*Task prompt:* What is needed here is an exact repetition of the records below, beginning at the line that has "229 gold 3D" and stopping after the line that has "Research reportOne-trial object".

━━━━━ Records supplied ━━━━━

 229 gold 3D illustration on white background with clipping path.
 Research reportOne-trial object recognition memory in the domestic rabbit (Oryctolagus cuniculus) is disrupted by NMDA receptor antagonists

━━━━━
━━━━━ Records supplied ━━━━━

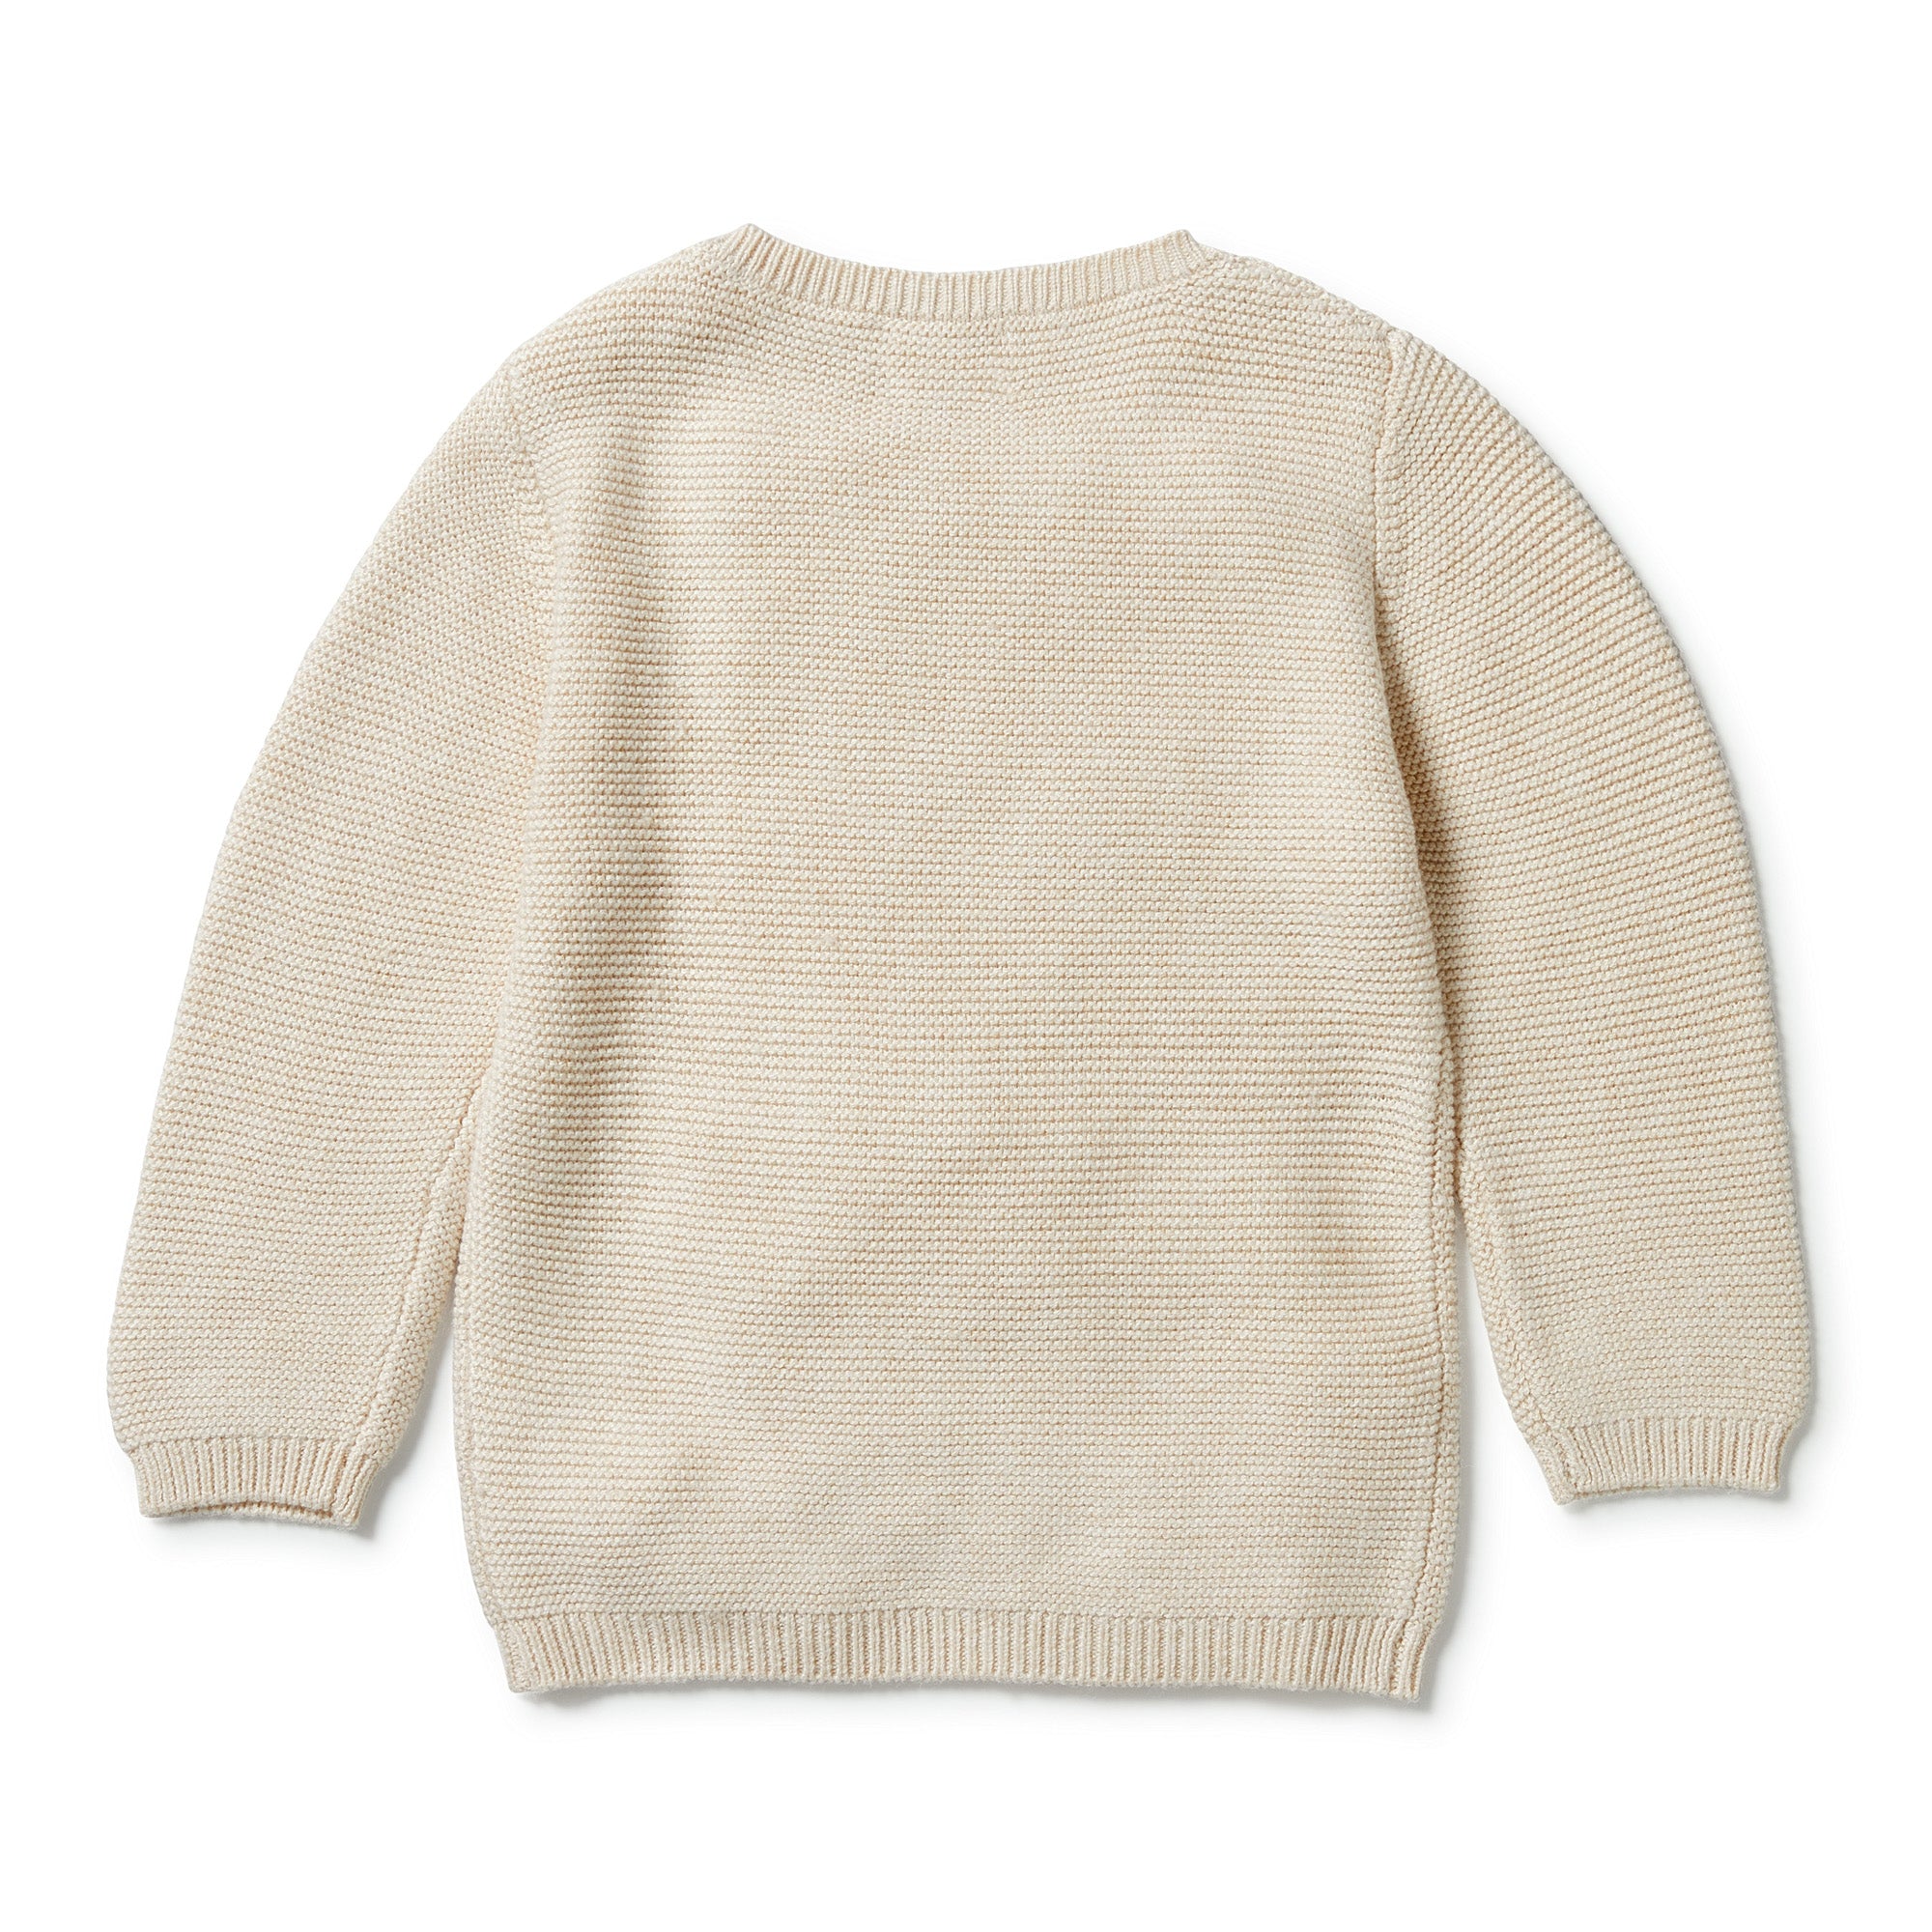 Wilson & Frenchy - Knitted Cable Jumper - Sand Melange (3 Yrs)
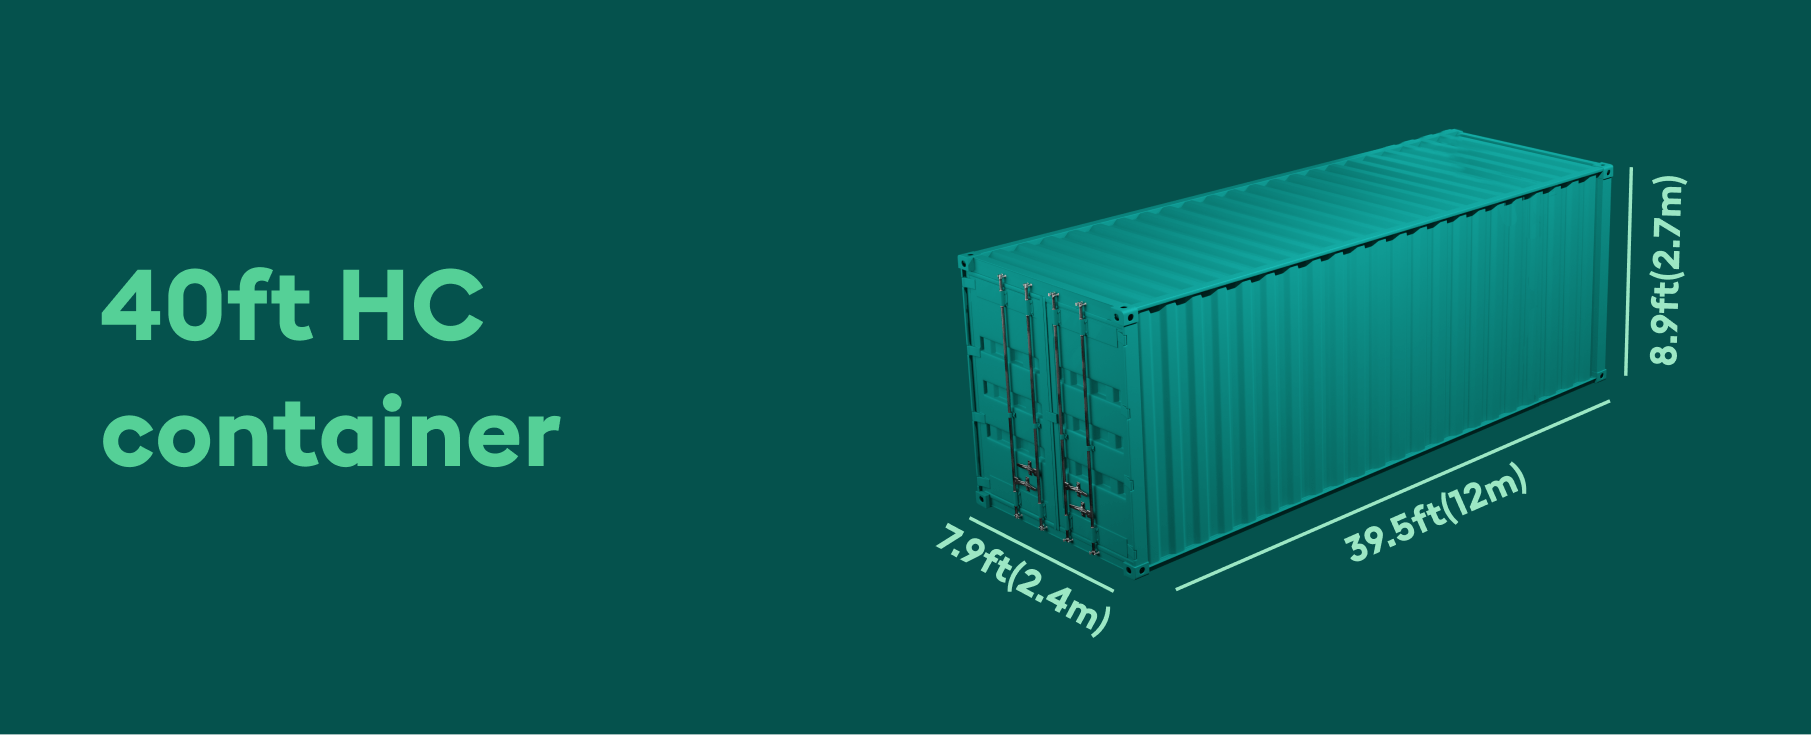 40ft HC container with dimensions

━━━━━

*Your response:*
 229 gold 3D illustration on white background with clipping path.
 Research reportOne-trial object recognition memory in the domestic rabbit (Oryctolagus cuniculus) is disrupted by NMDA receptor antagonists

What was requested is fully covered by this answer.